Mainstream values, work and family and responsibility and community and 
treating people with dignity, all people, without regard to their race 
or their region or income; believing that you have to lift working 
people up if you want other people to do well: That has worked for us. 
What's worked for us? Middle class economics, help the small business 
people, help the entrepreneurs, also help to grow the middle class 
working people and shrink the under class: That's what works. That's 
what is at stake in this budget battle.
    This is not--I want to say this, and I want you to go home and tell 
everybody you know this--this is not a battle about balancing the 
budget. That has nothing to do with what is going on in Washington 
today. I gave the Congress a balanced budget. You'd be better off if we 
could balance the budget. When we quadrupled the debt in 12 years before 
I showed up, what happened? We had to spend more and more money on 
interest on the debt. We had less and less money to invest in worker 
training, in new technology, and the kinds of things that will grow the 
economy, raise incomes, educate our children.

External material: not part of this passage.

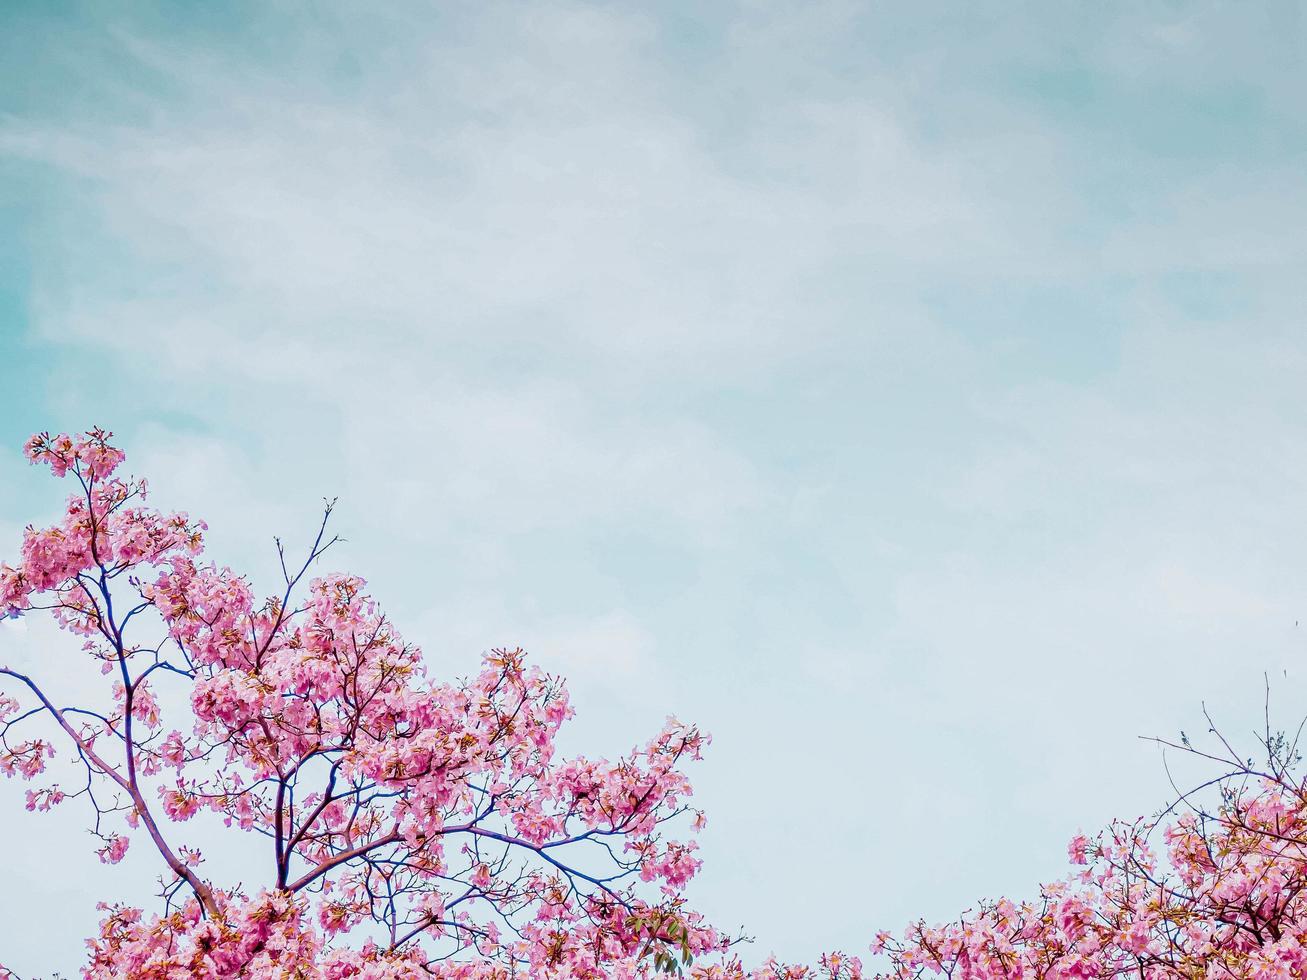 Pink tabebuia flower blossom against blue sky photo

    It would be a good thing to do. But we have to do that, like 
everything else, consistent with our values and our objectives. That is 
what is at stake. It is, what kind of America are we going to live in?
    I've given the Congress a balanced budget. It cuts all kinds of 
spending. It eliminates hundreds of programs. But it increases our 
investment in education, in technology, in research. It protects instead 
of hurts the old, the poor, the disabled, the little children on 
Medicare and Medicaid. It supports investment in worker safety and in a 
clean environment and in the kinds of national treasures that we share 
together. That is the kind of balanced budget we need.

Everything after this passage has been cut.